Adoptée en décembre 2023, la loi pour le plein emploi a profondément modifié l’organisation de la petite enfance, avec la création du service public de la petite enfance. Un chantier déjà lourd pour les communes, encore loin d’être stabilisé. Plus discrètement, le texte a aussi revu le régime d’autorisation des établissements d’accueil du jeune enfant. Un récent décret, publié le 16 janvier 2026 en fixe désormais les modalités.
Jusqu’à présent, une distinction existait entre crèches privées et publiques. Les premières relevaient d’une autorisation du président du conseil départemental ; les secondes d’un simple avis, après consultation du maire. Cette distinction disparaît. Désormais, toutes les structures, y compris publiques, relèvent d’un régime d’autorisation, délivrée pour une durée maximale de quinze ans. Les établissements existants devront également se mettre en conformité dans un délai de dix ans.

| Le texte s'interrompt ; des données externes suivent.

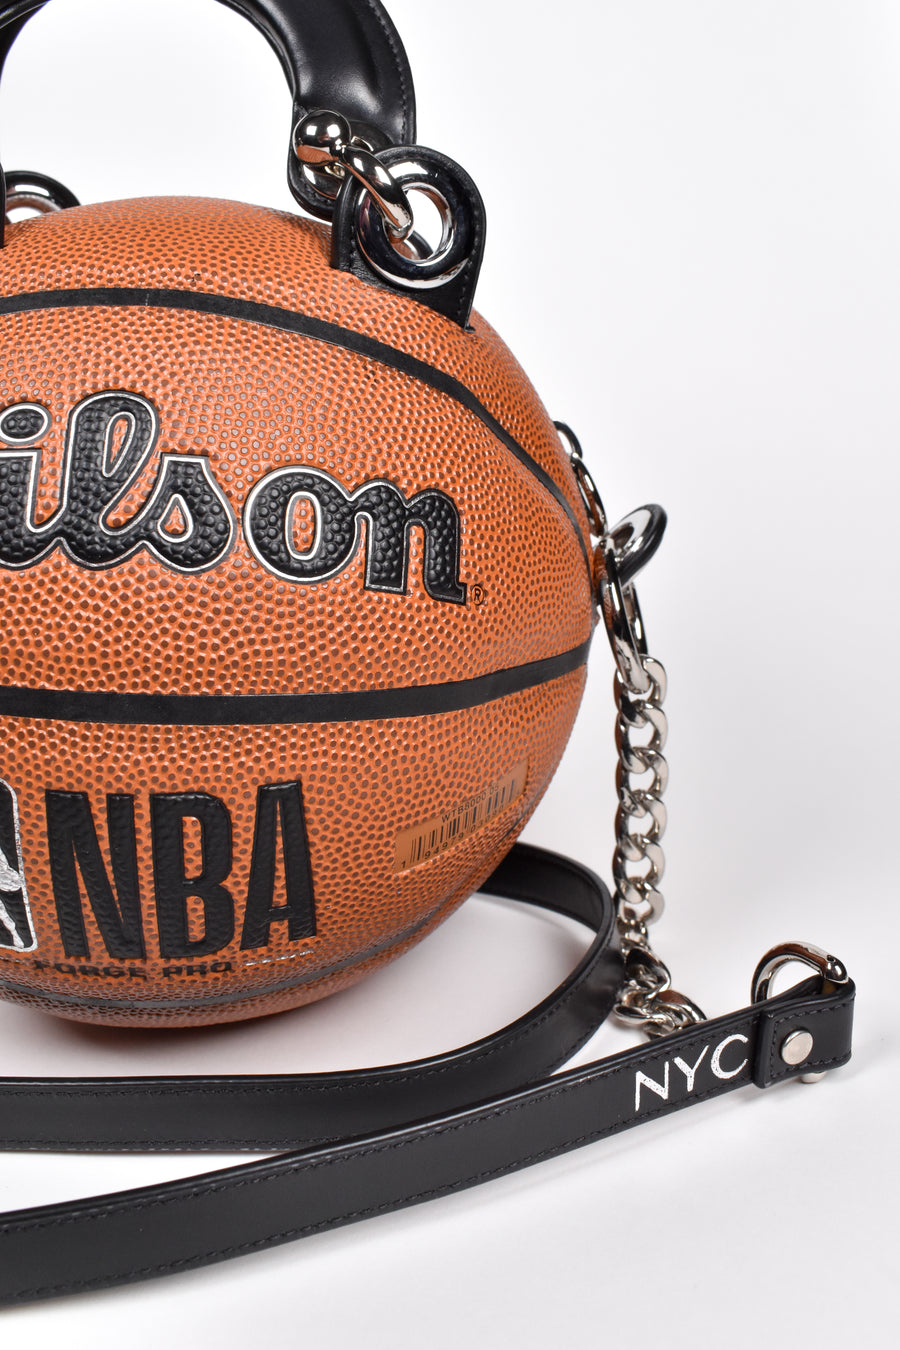 NBA Basketball Bag • Andrea Bergart

Le décret établit un calendrier. Selon la date de délivrance des autorisations ou avis initiaux, les renouvellements devront intervenir entre 2027 et 2034. Les départements devront prévenir les gestionnaires entre douze et vingt-quatre mois avant l’échéance. Les dossiers devront être déposés entre vingt-quatre et neuf mois avant cette même date. Le décret renvoie par ailleurs à un arrêté ministériel à venir pour préciser la composition des dossiers d’autorisation, ajoutant une incertitude supplémentaire pour les gestionnaires.
C’est sur ces délais que se concentrent les inquiétudes des maires. Lors de son examen par le Conseil national d’évaluation des normes, L’Association des maires de France a rendu un avis défavorable. Dans la configuration la plus contraignante, un gestionnaire informé douze mois avant l’échéance ne disposerait plus que de trois mois pour constituer un dossier complet. Une contrainte difficilement compatible avec la situation des services départementaux de PMI, déjà sous tension, comme avec celle des services petite enfance des communes.

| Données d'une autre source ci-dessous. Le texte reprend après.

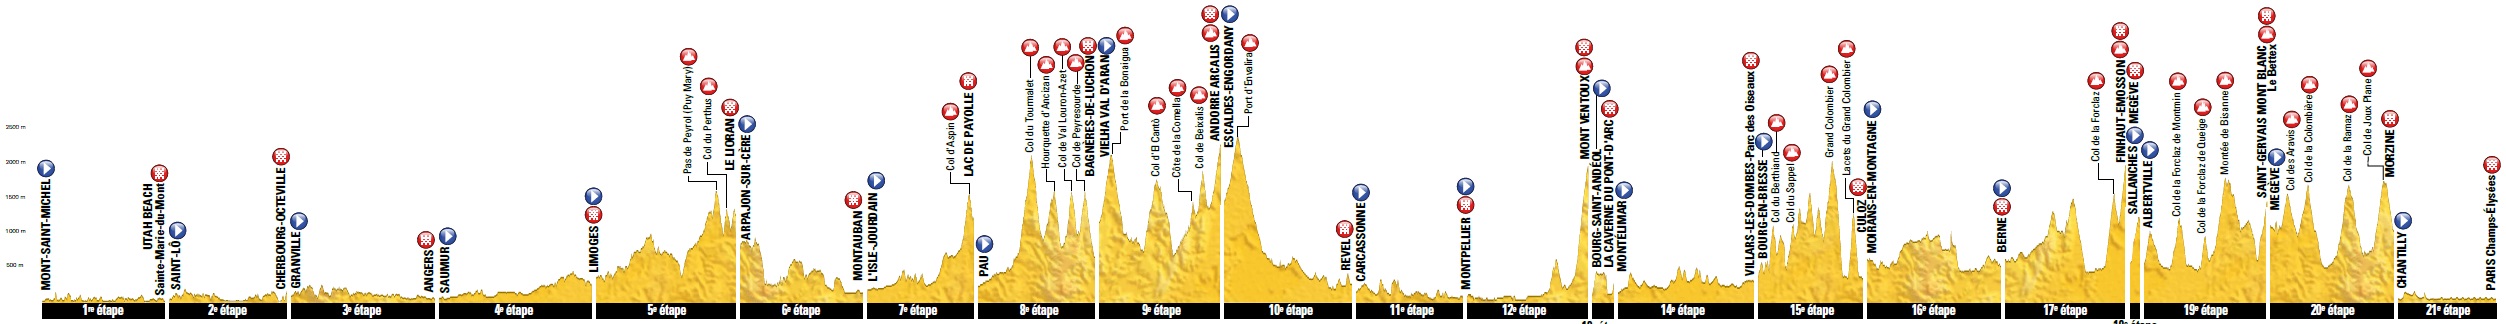 Hhenprofil Tour de France 2016, alle Etappen auf einen Blick

La réforme s’ajoute à une charge de travail en hausse pour les collectivités, liée à la mise en place du service public de la petite enfance, sans que les moyens suivent. Les élus redoutent des effets rapides : projets ralentis, délais allongés, parfois une offre fragilisée.

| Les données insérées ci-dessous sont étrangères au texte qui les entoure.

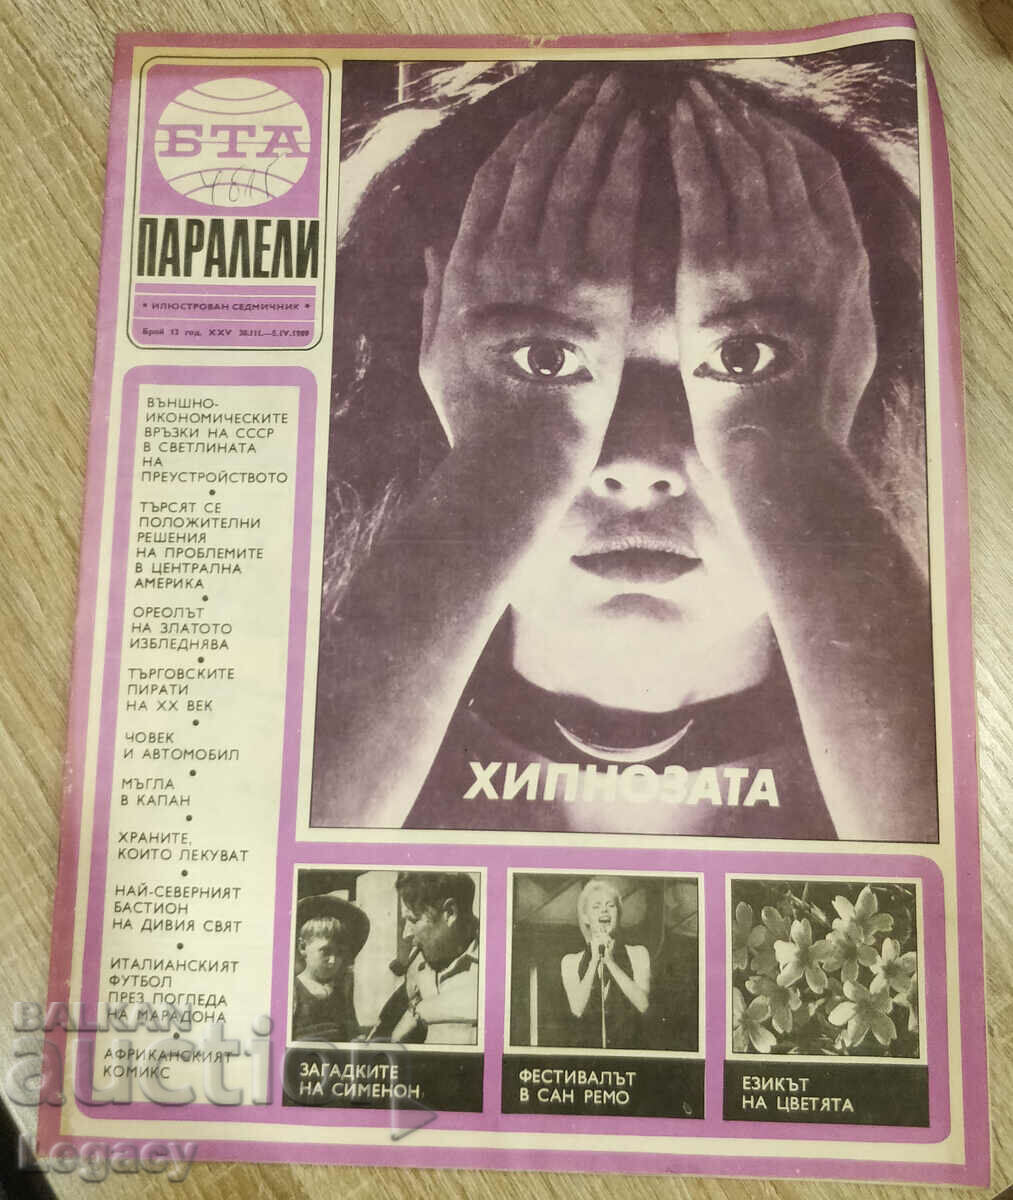 1989 BTA Parallels magazine, issue 13

La dimension financière pèse aussi. Selon les données de la Caisse nationale des allocations familiales, le coût annuel d’une place en EAJE a augmenté de 5 % entre 2023 et 2024, pour atteindre près de 19 700 euros. Dans ce contexte, chaque exigence supplémentaire vient peser sur les budgets communaux.
La publication de ce décret, malgré l’opposition exprimée par l’AMF, contraste avec les engagements répétés de simplification adressés aux collectivités. Pour les communes, l’enjeu reste inchangé : maintenir et développer une offre d’accueil accessible, sans ajouter des procédures qui compliquent le quotidien des services et freinent les projets.